COMPARISON OF PNEUMOCYSTIS CARINII DIHYDROFOLATE REDUCTASE INHIBITOR-COFACTOR TERNARY COMPLEXES. Nikolai Galitsky, Vivian Cody, Joseph R. Luft, Walter Pangborn, Hauptman-Woodward Medical Research Institute, Inc., Buffalo, NY 14203; A. Gangjee, Duquesne University, Pittsburg, PA 15282, S. F. Queener, Indiana Univ., Indianapolis, IN 46202

Pneumonia caused by opportunistic infectious agents is a major cause of mortality among patients with AIDS. Antifolates have been shown effective against the dihydrofolate reductase (DHFR) from Pneumocystis carinii (Pc) which is a target for drug design studies. Crystals of recombinant Pc DHFR ternary complex with the highly selective novel furopyrimidine sulfonaphthalene antifolate are monoclinic, space group P2₁, with lattice constants of a = 37.552, b = 43.256, c = 61.389Å and [[beta]] = 94.97deg. and diffract maximally to 2.1Å resolution.
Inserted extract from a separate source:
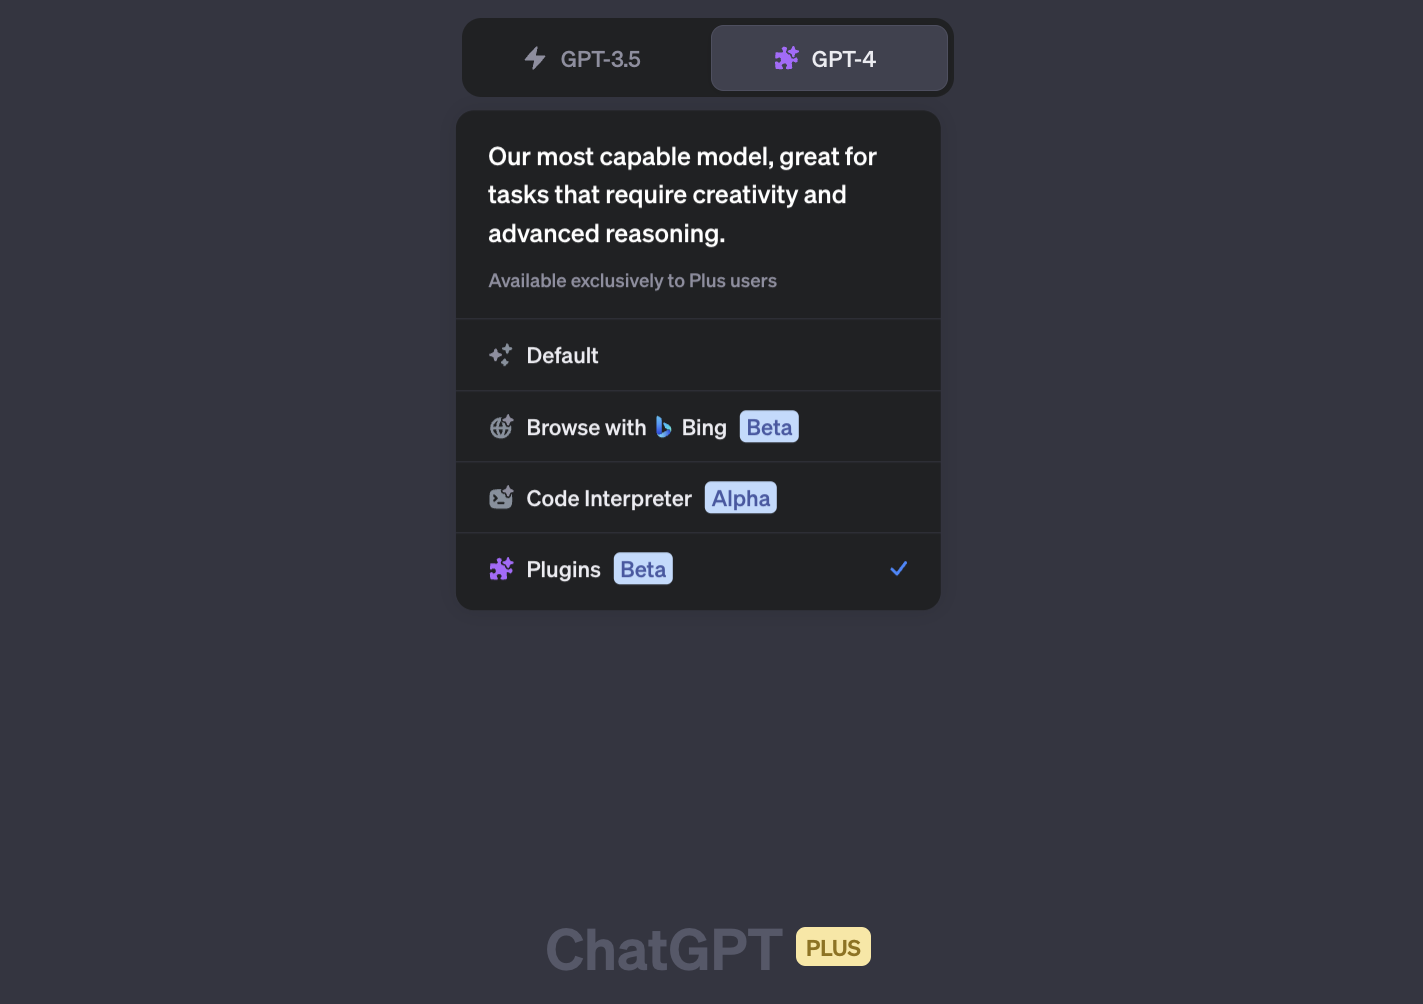 How To Use ChatGPT Plugins For Work

Inspection of difference electron density maps of the structure refined to 2.3Å resolution with R = 18% using XPLOR revealed electron density corresponding to the cofactor NADPH and the inhibitor which was incubated with the enzyme prior to crystallization. However, the cofactor and inhibitor were refined with partial occupancy as the substrate site is also occupied by folate which remained in the enzyme after purification. The largest differences between this Pc complex and those reported previously involve the conformation of NADPH and the regions encompassing residues 58-69, 81-88 and 110-115. A twist about the pyrophosphate bond places the nicotinamide-ribose ring system further from the N4 amine of this sulfonapthyl inhibitor. There is an expansion of the active site region is this structure compared to that observed for the less selective classical furopyrimidine antifolate as reflected in the shift between the alpha atoms of S58 (1.5Å) and R82 (1.7Å). Potential energy surfaces calculated with DELPHI show that the entrance to the active site of Pc DHFR has a greater positive surface than hDHFR. Also, the only negative region on this surface is that from Glu-62 of hDHFR and Glu-63 of Pc DHFR which occupy different spatial regions on the surface. Furthermore, there is a reversal in the hydrophobicity in this region resulting from sequence changes at residues 63 and 67 (E/F and L/E, for Pc and h, respectively). These results imply that this region could have an influence on inhibitior selectivity. Supported in part by GM-51670 (VC), AI-30900 (AG), and N01-AI-35171 (SFQ).